Dynamic Indicators from Downscaled CMIP6 #652

Joshdpaul · 2025-10-22T21:57:44Z

This PR adds a dynamic indicators endpoint to the API. The endpoint pulls data from the recently developed downscaled CMIP6 coverages, and is based on preliminary work in this repo.

This PR is currently in draft mode, incomplete for the following reasons:

the coverages are still in flux, subject to change
there is a known conflict between the ansi timestamps in the coverage and the built-in WCPS query iteration over time (JP can explain more about this - BLUF, we might have to reingest the coverages with the timestamp at 0 hour instead of noon 🙃 )
we still need the lat/lon "in extent?" validation (via geotiff or bounding box)
the endpoint still needs CSV output
we need HTML documentation for this endpoint, which in turn requires an academic reference that does not yet exist (this one might take a while to iron out since there is USGS involvement...)

Background:

The goal here is to develop dynamically generated indicators that threshold, rank, or otherwise summarize daily CMIP6 data based on user inputs. The processing is largely done server-side, via WCPS queries. We are only implementing indicators that do not rely on sequence or consecutive day aggregations, because our downscaling methodology does not preserve the order of values.

Our list of possible indicators is therefore:

hd: “Hot day” threshold (degrees C) — the highest observed daily maximum 2 m air temperature such that there are 5 other observations equal to or greater than this value.

cd: “Cold day” threshold (degrees C) — the lowest observed daily minimum 2 m air temperature such that there are 5 other observations equal to or less than this value.

rx1day: Maximum 1–day precipitation (mm)

su: "Summer Days" — Annual number of days with maximum 2 m air temperature above 25 degrees C

dw: "Deep Winter days" — Annual number of days with minimum 2 m air temperature below -30 degrees C

r10mm: Number of days with precipitation > 10 mm

wet days per year: Number of days with precipitation > 1 mm

However, when coding this endpoint it became clear that we have 3 general types of queries that could actually be applied to any variable:

Threshold queries: counting days per year above or below a certain value
Statistical queries: getting min, mean, or max value per year
Ranking queries: finding the nth highest or lowest value per year

So rather than code up specific functions for the existing indicators, I created three granular functions that can be applied in order to recreate those indicators, or develop new ones. My reasoning for this is that not only does it require less code, but it takes into account that allowing user input will necessarily change the definitions of the indicators. For example, if you use 0C as the temperature threshold for the "deep winter days" indicator, are you really talking about "deep winter" anymore? Say you wanted to know how many days were above freezing (to approximate a growing season, perhaps) - the term "summer days" is not a very accurate description.

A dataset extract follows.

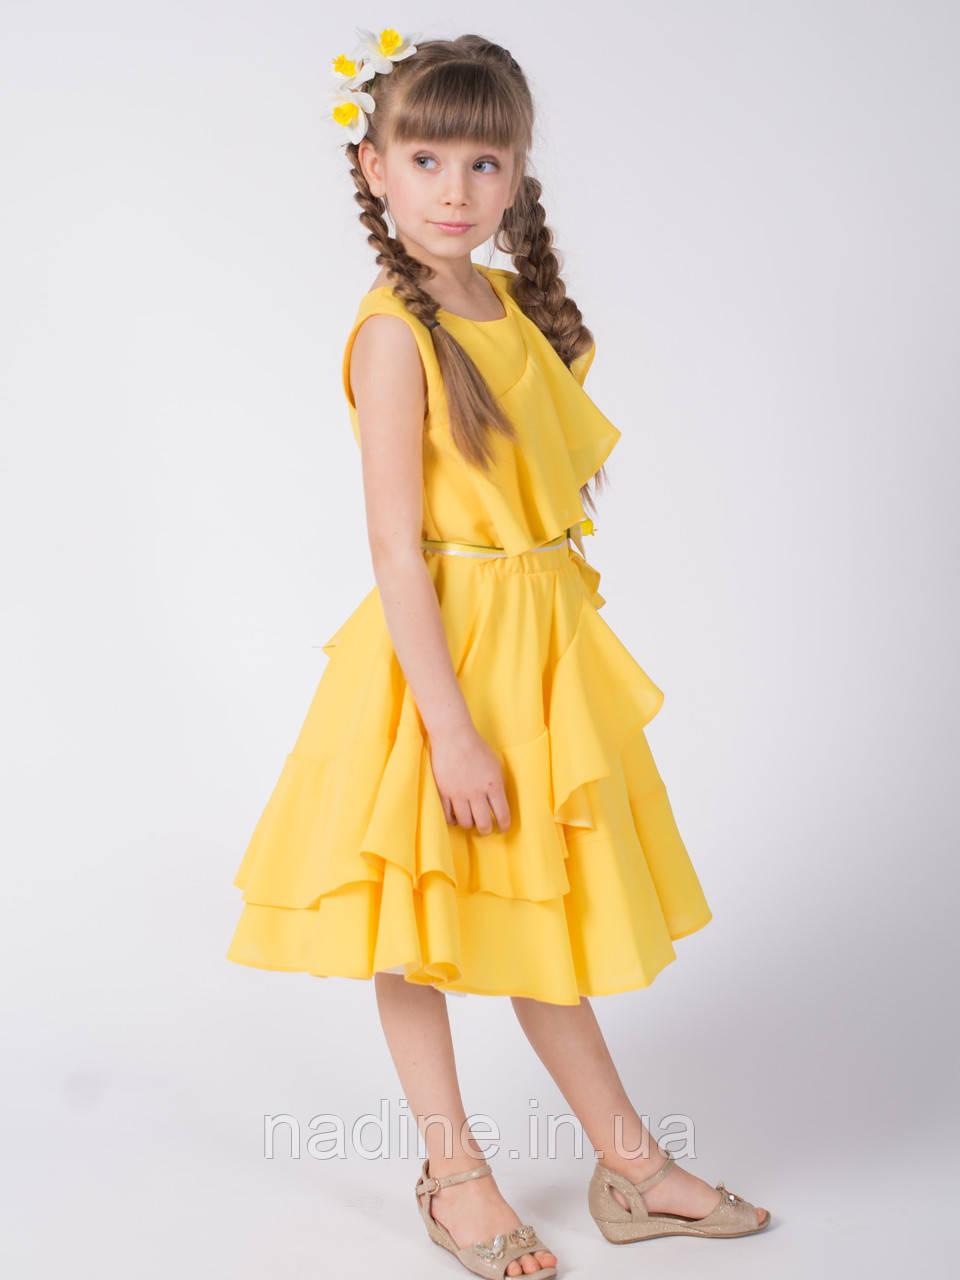 Платье Nadine на девочку, Yellow Narcissus рост 128. Жёлтое

Note that each function can be used for any coverage variable, allows the use of both metric and imperial units, and provides time slicing options (yearly). It's an open question whether or not we need all this functionality. Note also that the endpoint URL construction is unique when compared to our other endpoints. I think there is something nice about being able to "read" the request URL sort of like a sentence, that describes exactly what you are asking for - but again, this approach is open to discussion, and we may want to make the endpoint less granular.

To test:

Start the API as usual, and test out some of the following endpoints. Try swapping "in" for "mm", or "F" for "C" and check out the results. Or try making up a completely new indicator!

Threshold queries

the "summer days" indicator: http://127.0.0.1:5000/dynamic_indicators/count_days/above/25/C/tasmax/64.5/-147.5/2000/2030/
the "deep winter days" indicator: http://127.0.0.1:5000/dynamic_indicators/count_days/below/-30/C/tasmin/64.5/-147.5/2000/2030/
the "days above 10mm precip" indicator: http://127.0.0.1:5000/dynamic_indicators/count_days/above/10/mm/pr/64.5/-147.5/2000/2030/
the "wet days" indicator: http://127.0.0.1:5000/dynamic_indicators/count_days/above/1/mm/pr/64.5/-147.5/2000/2030/

Statistical queries

"maximum one day precip" indicator: http://127.0.0.1:5000/dynamic_indicators/stat/max/pr/mm/64.5/-147.5/2000/2030/
coldest day per year: http://127.0.0.1:5000/dynamic_indicators/stat/min/tasmin/C/64.5/-147.5/2000/2030/
hottest day per year: http://127.0.0.1:5000/dynamic_indicators/stat/max/tasmax/C/64.5/-147.5/2000/2030/
a way to calculate total annual precipitation (we use the "sum" stat, but the "summary" section of return will show a mean of total annual precip over the year range): http://127.0.0.1:5000/dynamic_indicators/stat/sum/pr/mm/64.5/-147.5/2000/2030/
calculate mean daily precipitation (note that this is not a common statistic for precip - here we are talking the average amount of precip per day over the year.... in other words "how much does it rain per day, on average?" .... I include this here to show that this type of WCPS query can produce unexpected results since we are iterating to get all values per each year before running the statistical function): http://127.0.0.1:5000/dynamic_indicators/stat/mean/pr/mm/64.5/-147.5/2000/2030/

Ranking queries

the "hot day threshold" indicator: http://127.0.0.1:5000/dynamic_indicators/rank/6/highest/tasmax/64.5/-147.5/2000/2030/
the "cold day threshold" indicators: http://127.0.0.1:5000/dynamic_indicators/rank/6/lowest/tasmin/64.5/-147.5/2000/2030/
10th highest precip day: http://127.0.0.1:5000/dynamic_indicators/rank/10/highest/pr/64.5/-147.5/2000/2030/

…allowed params

…ple returns to documentation

Joshdpaul · 2025-11-07T19:28:31Z

Update:

Added documentation.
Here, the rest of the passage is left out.